Department of Computer Science and Engineering, Bangladesh University of Engineering and Technology, Dhaka 1205, Bangladesh.
Applied Statistics and Data Science (ASDS), Department of Statistics, Jahangirnagar University, Dhaka 1342, Bangladesh.
Syst Biol. 2021 Oct 13;70(6):1213-1231. doi: 10.1093/sysbio/syab026.

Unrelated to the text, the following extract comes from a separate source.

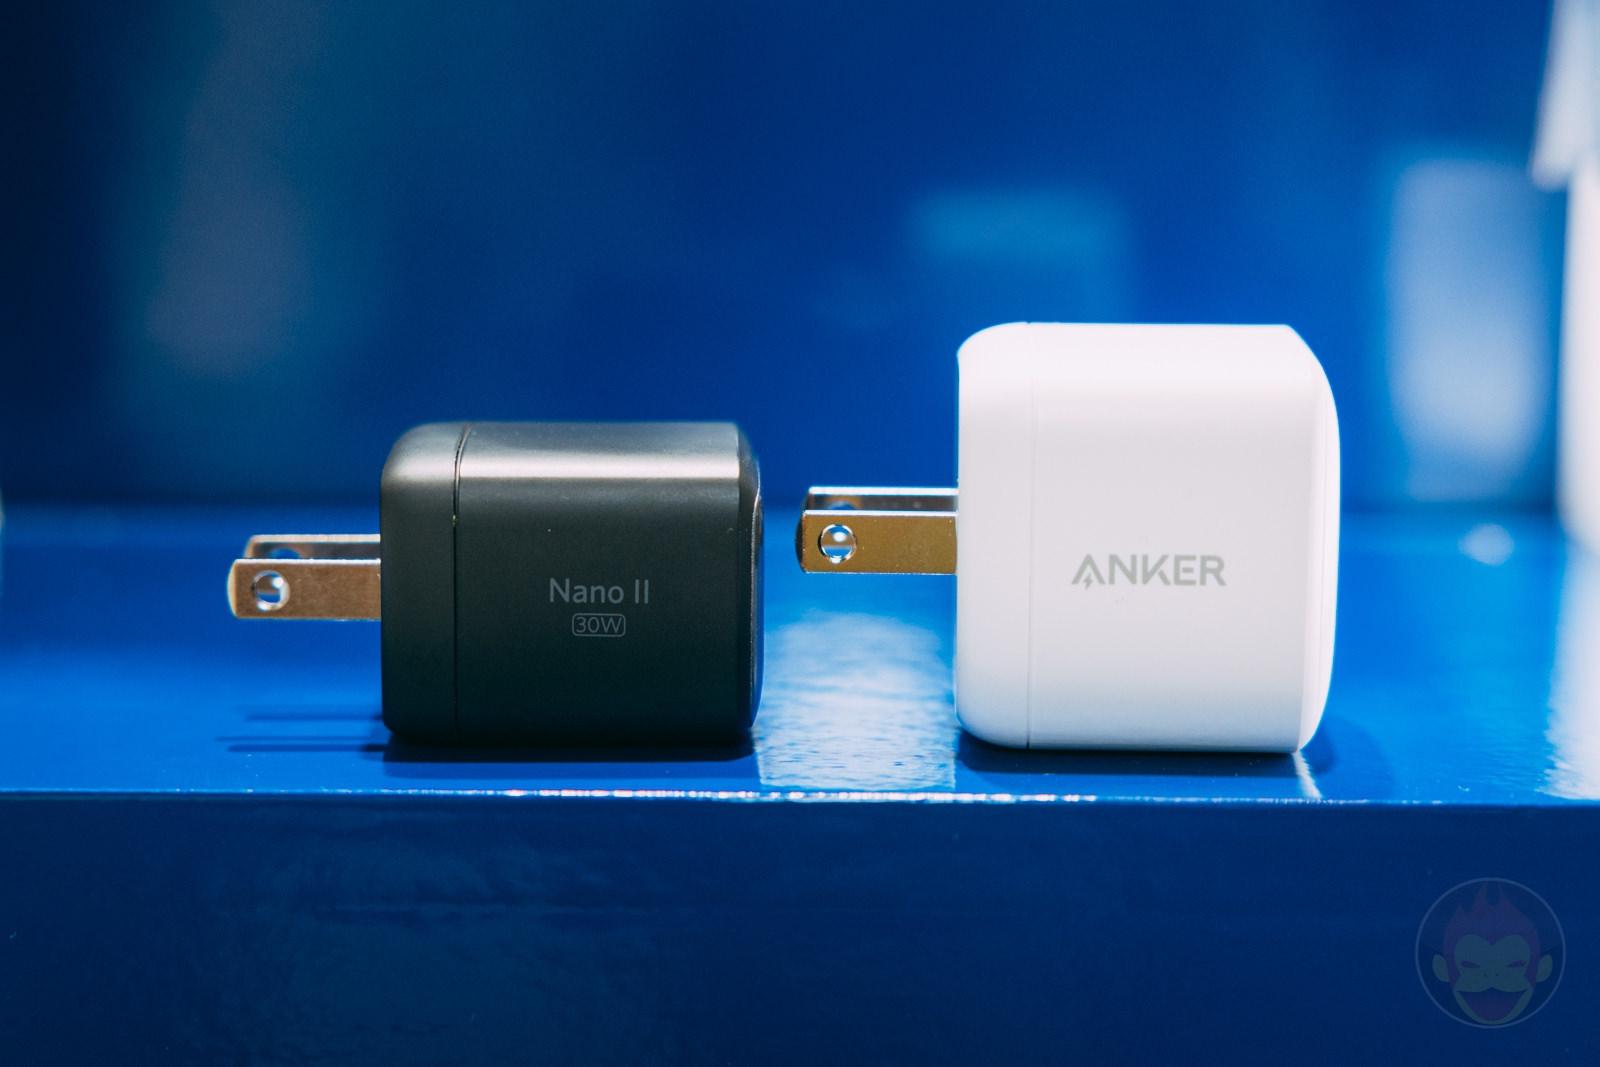 Anker GAN II Nano Series Hands On 12

Species tree estimation from multilocus data sets is extremely challenging, especially in the presence of gene tree heterogeneity across the genome due to incomplete lineage sorting (ILS). Summary methods have been developed which estimate gene trees and then combine the gene trees to estimate a species tree by optimizing various optimization scores. In this study, we have extended and adapted the concept of phylogenetic terraces to species tree estimation by "summarizing" a set of gene trees, where multiple species trees with distinct topologies may have exactly the same optimality score (i.e., quartet score, extra lineage score, etc.). We particularly investigated the presence and impacts of equally optimal trees in species tree estimation from multilocus data using summary methods by taking ILS into account. We analyzed two of the most popular ILS-aware optimization criteria: maximize quartet consistency (MQC) and minimize deep coalescence (MDC). Methods based on MQC are provably statistically consistent, whereas MDC is not a consistent criterion for species tree estimation. We present a comprehensive comparative study of these two optimality criteria. Our experiments, on a collection of data sets simulated under ILS, indicate that MDC may result in competitive or identical quartet consistency score as MQC, but could be significantly worse than MQC in terms of tree accuracy-demonstrating the presence and impacts of equally optimal species trees. This is the first known study that provides the conditions for the data sets to have equally optimal trees in the context of phylogenomic inference using summary methods. [Gene tree; incomplete lineage sorting; phylogenomic analysis, species tree; summary method.].
从多基因数据集估计物种树极具挑战性,特别是在由于不完全谱系分选(ILS)而导致基因组中存在基因树异质性的情况下。已经开发了汇总方法来估计基因树,然后通过优化各种优化分数来合并基因树以估计物种树。在这项研究中,我们通过“汇总”一组基因树,将系统发育阶地的概念扩展并应用于物种树估计,其中具有不同拓扑结构的多个物种树可能具有完全相同的最优性得分(即四分体得分,额外谱系得分等)。我们特别研究了在考虑 ILS 的情况下,使用汇总方法从多基因数据估计物种树中具有相同最优性的树的存在和影响。我们分析了两种最流行的 ILS 感知优化标准:四分体一致性最大化(MQC)和深度合并最小化(MDC)。基于 MQC 的方法在统计学上是可证明一致的,而 MDC 不是物种树估计的一致标准。我们对这两个最优性标准进行了全面的比较研究。我们在 ILS 下模拟的数据集上的实验表明,MDC 可能会导致四分体一致性得分与 MQC 相当或相同,但在树准确性方面可能比 MQC 差很多-证明了具有相同最优性的物种树的存在和影响。这是首次在使用汇总方法进行基因组推断的上下文中提供数据集具有相同最优树的条件的研究。[基因树;不完全谱系分选;系统发育基因组分析;物种树;汇总方法。]